Maharao Pragmulji III of Kutch (3 May 1936 – 28 May 2021) was the ruler of Kutch from Jadeja dynasty.

Biography

He did his primary education from Mayo College, Ajmer and Doon School, Dehradoon and later graduated from The Hindu College, Delhi University.

He was the eldest son of his father and erstwhile ruler of Kutch, Maharao Shri Madansinhji, and Maharani Bai Shri Rajendra Kunverba Sahib and became the heir apparent with the title of Yuvraj Sahib on the succession of his father, 26 February 1948.

He was installed in the Tila-medi at Prag Mahal Palace, Bhuj on 17 October 1991 upon demise of his father Maharao Shri Madansinji, under the name and style of H.H. Maharajadhiraj Mirza Maharao Shri Pragmulji III Sawai Bahadur, Maharao of Kutch.

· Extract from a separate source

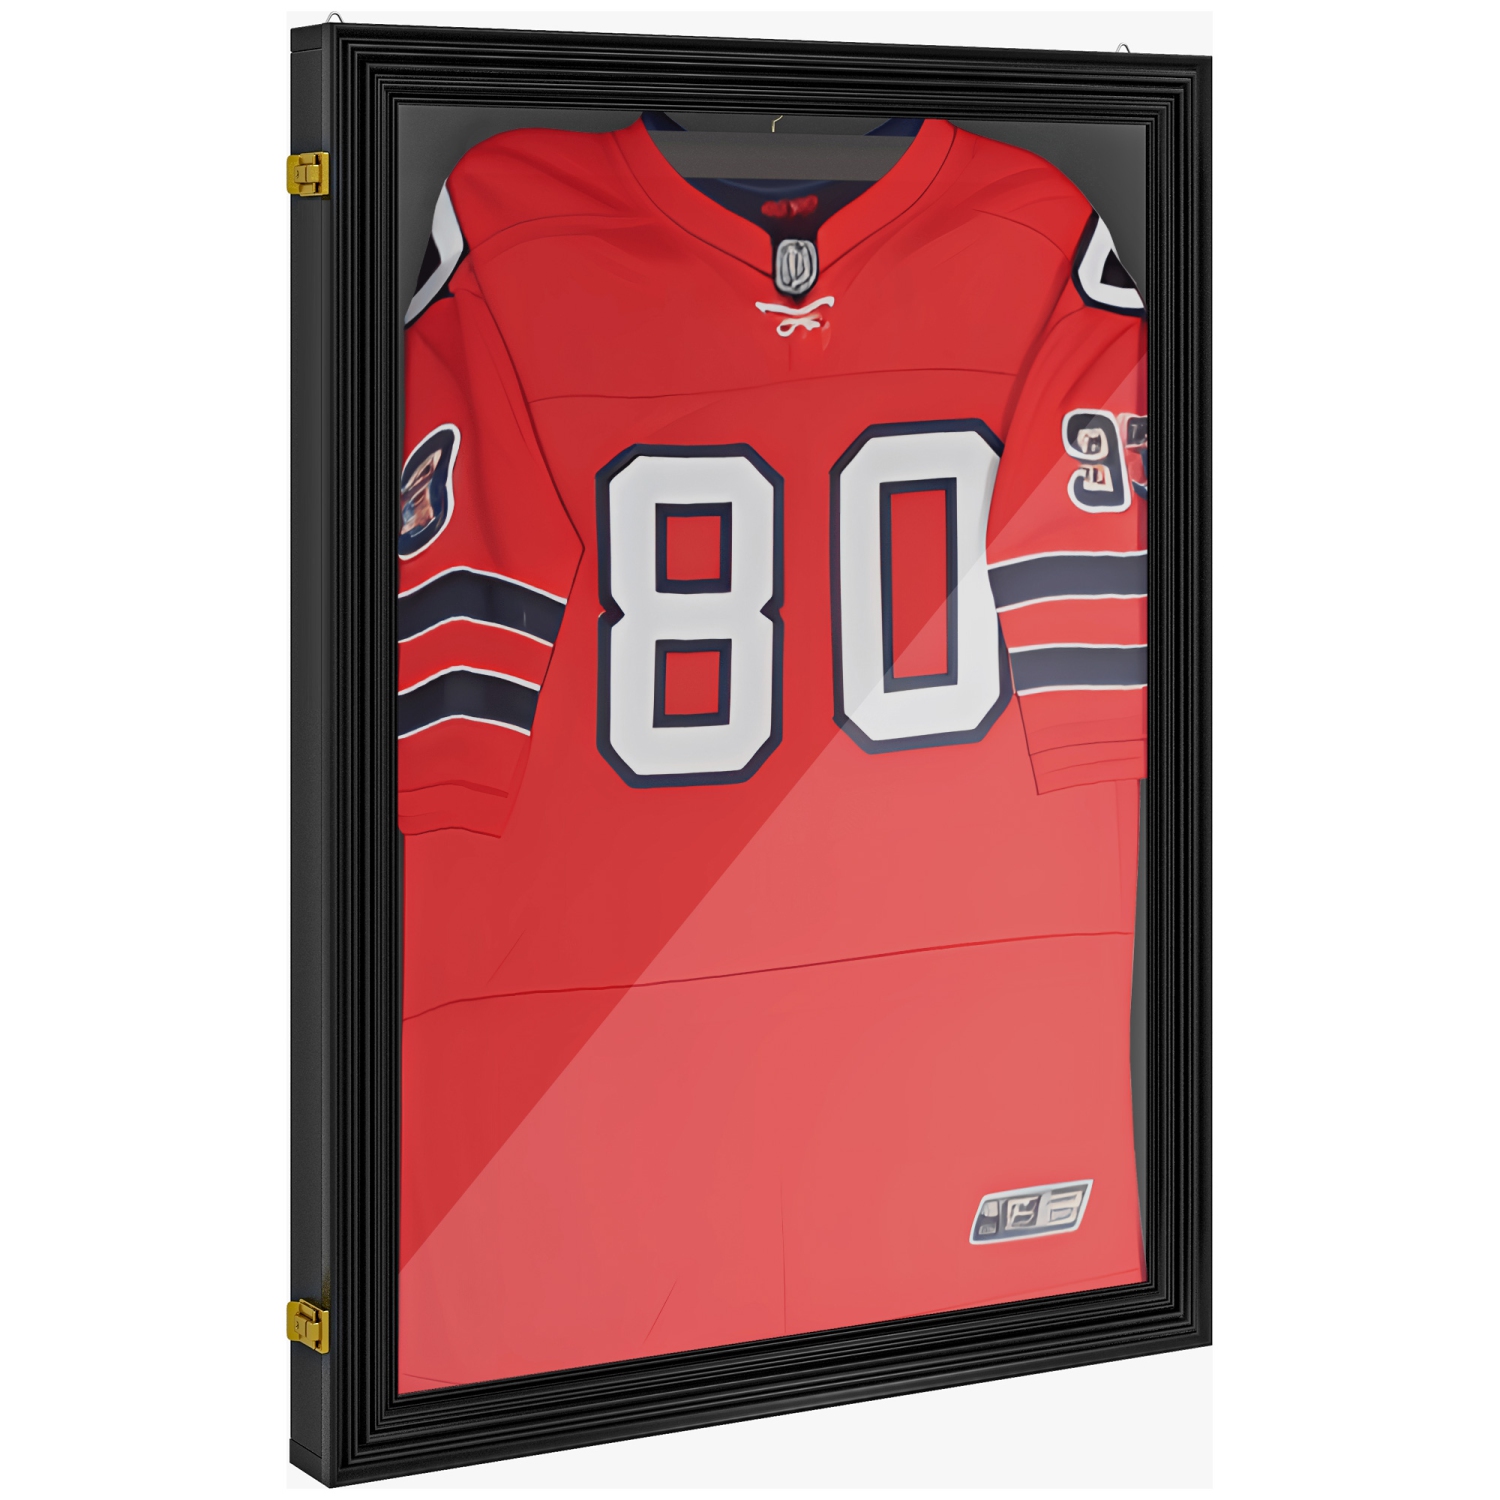 HOMCOM Jersey Display Frame Case, Acrylic Sports Shirt Shadow Box for Basketball Football Baseball (Black, 23.5" W x 31.5" H)

The Ranjit Vilas Palace, Prag Mahal and Vijay Vilas Palace are some of the royal palaces, which belong to the erstwhile rulers of Kutch and are some of their private properties. Other private palaces belonging to the dynasty include Chavda Rakhal The royal family was in the court for rights of ownership that was in dispute which cropped up within various sons of Maharaja Madansinhji, who died in 1991. However, the court had upheld the will of Madansinhji as valid and Pragmulji III as such was declared the lawful owner of these properties, some of which have been converted into luxury hotels by him.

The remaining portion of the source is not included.